:: EXERCISE PROMPT ::
Using the records below, write out only the lines from the line containing "2014 Mazda3 Sedan" up to and including the line containing "w galerii 3u10", exactly, with no pictures.

:: DATA FOR THIS TASK ::
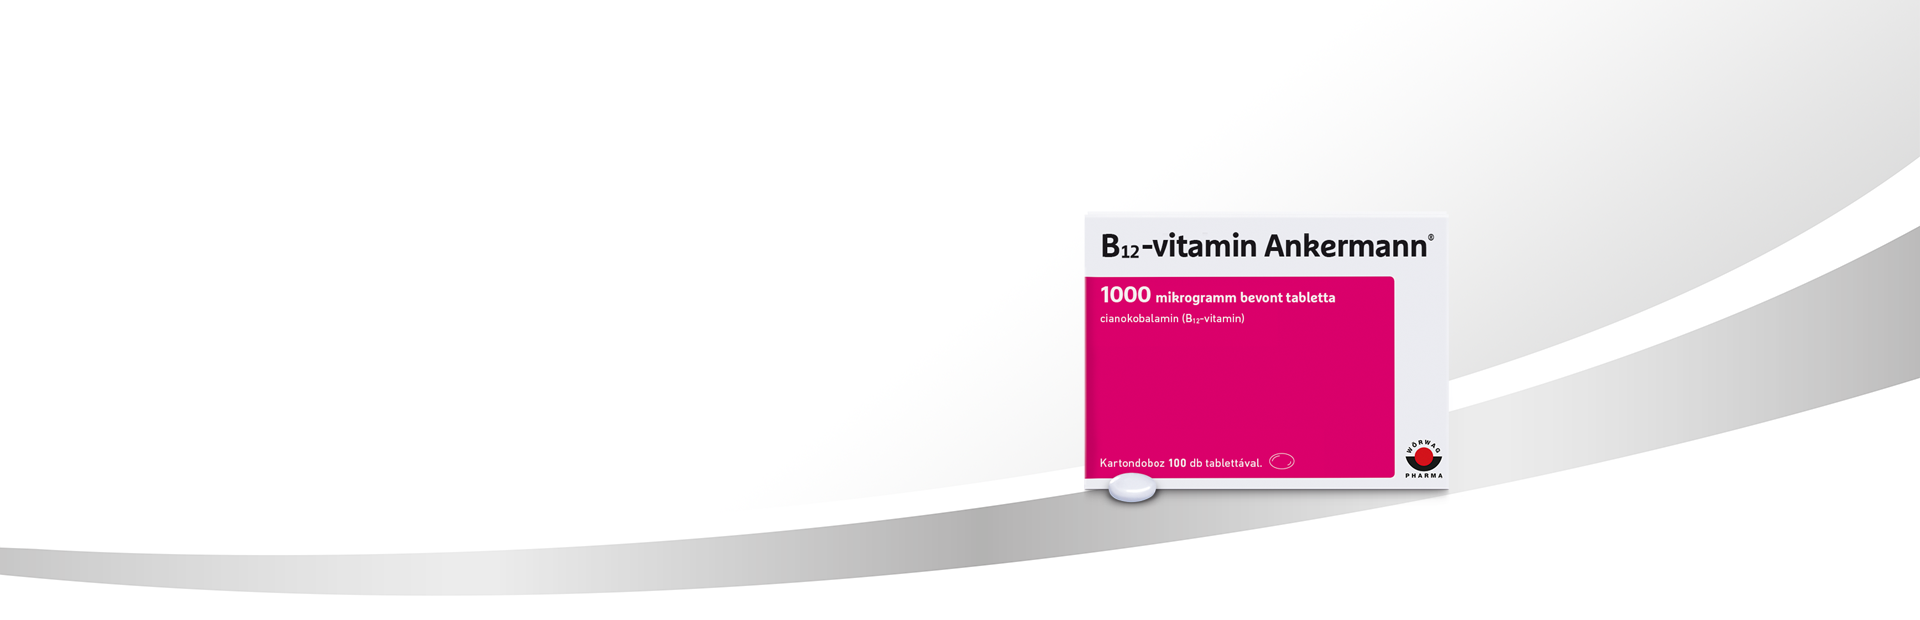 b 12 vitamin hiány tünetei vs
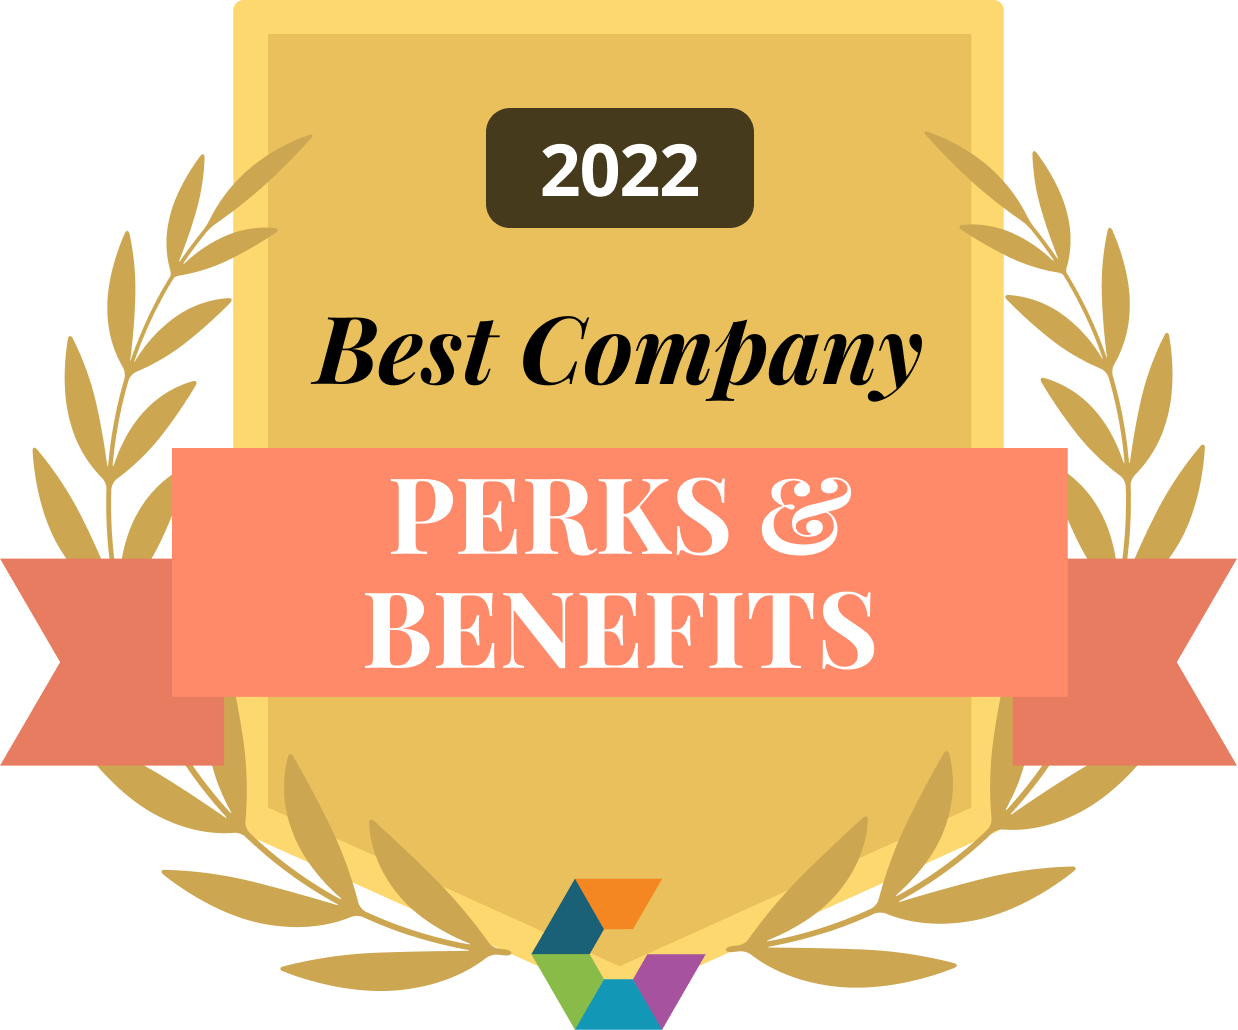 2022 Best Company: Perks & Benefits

---

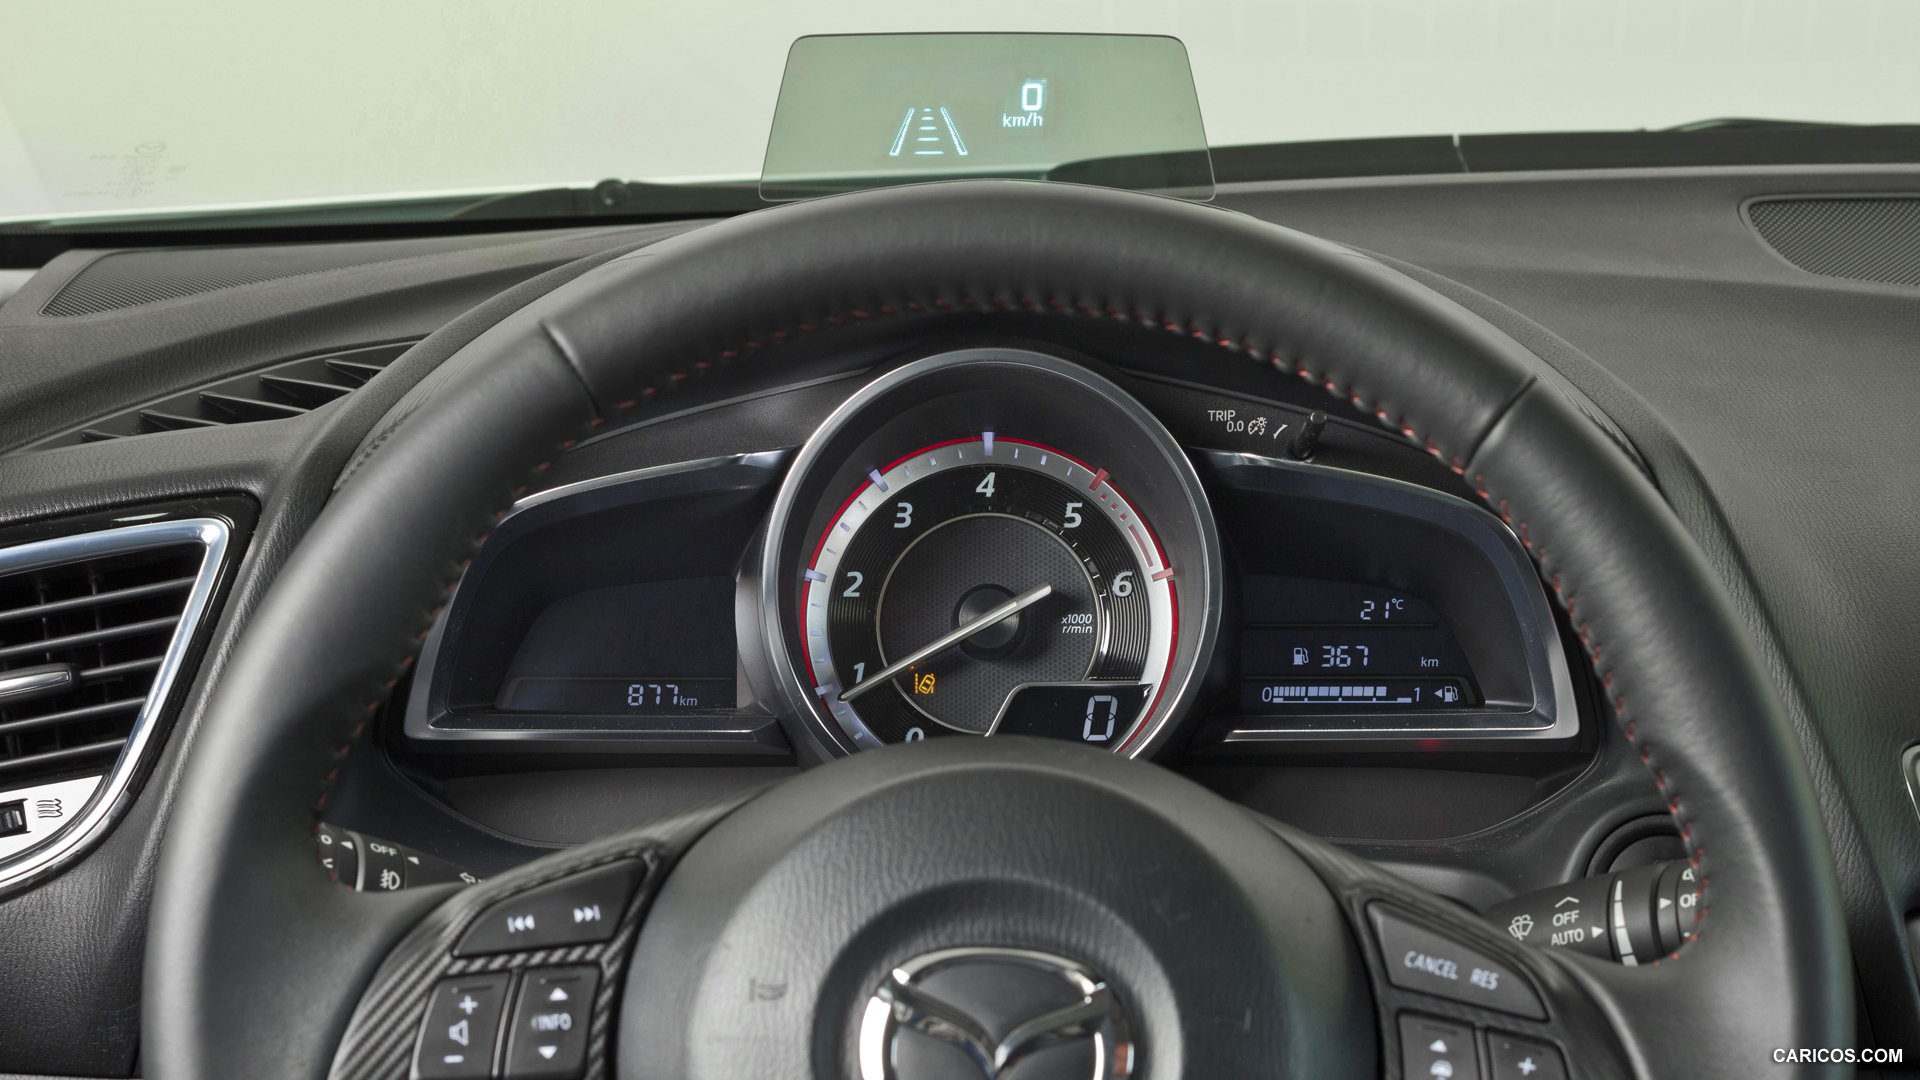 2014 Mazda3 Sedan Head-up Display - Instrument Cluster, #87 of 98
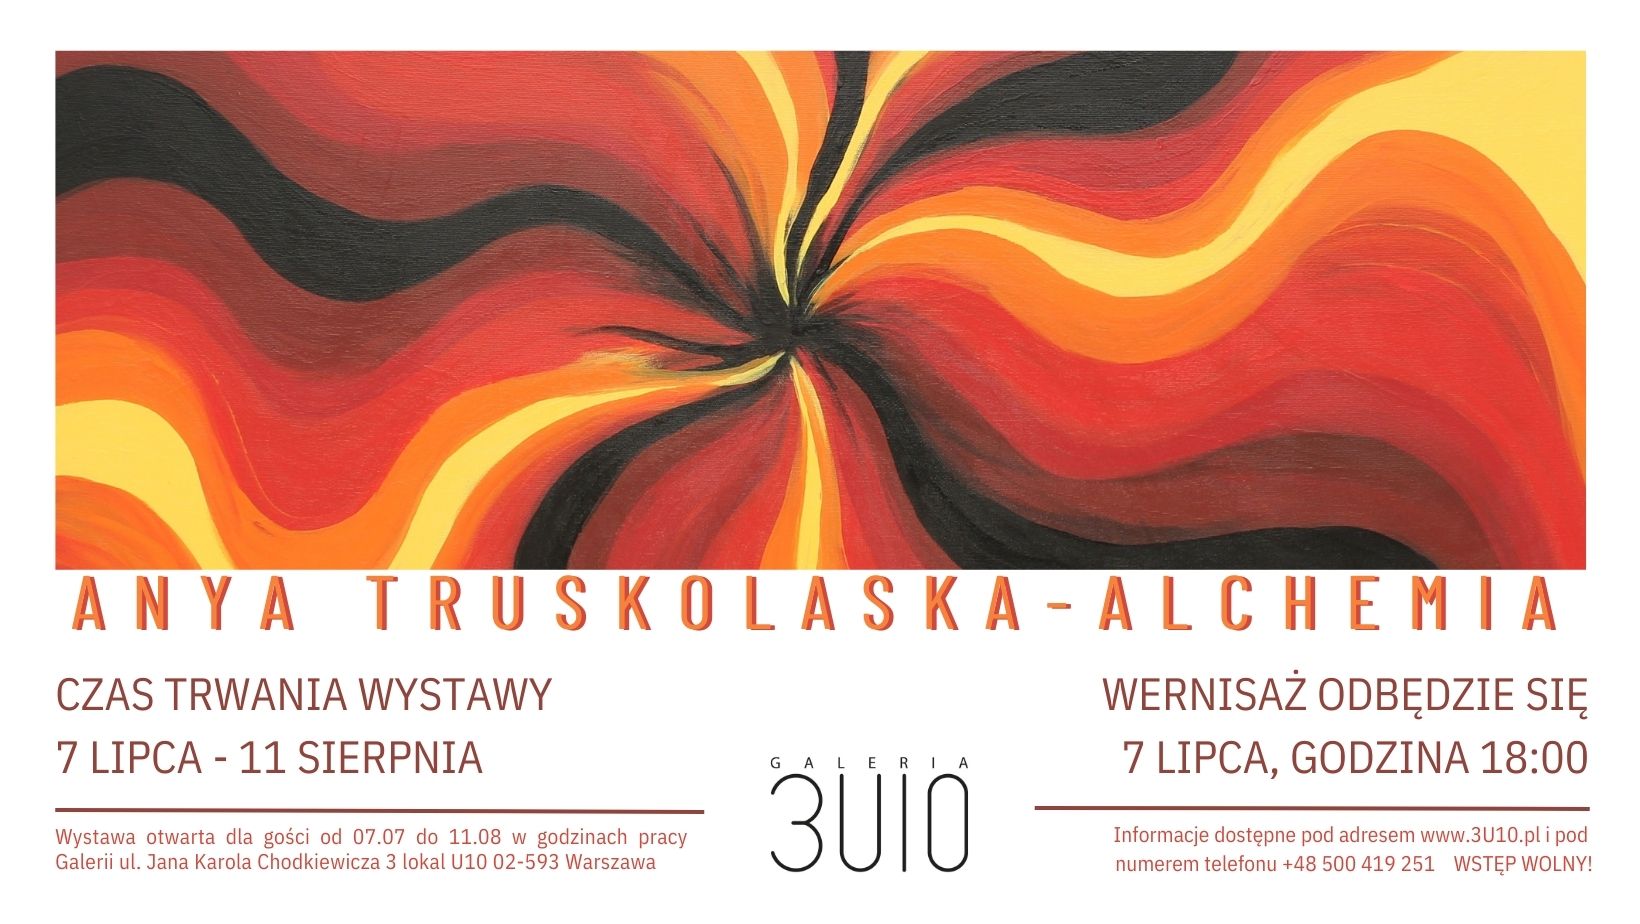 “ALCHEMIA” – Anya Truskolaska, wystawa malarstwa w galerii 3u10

:: EXERCISE OUTPUT ::
 2014 Mazda3 Sedan Head-up Display - Instrument Cluster, #87 of 98
 “ALCHEMIA” – Anya Truskolaska, wystawa malarstwa w galerii 3u10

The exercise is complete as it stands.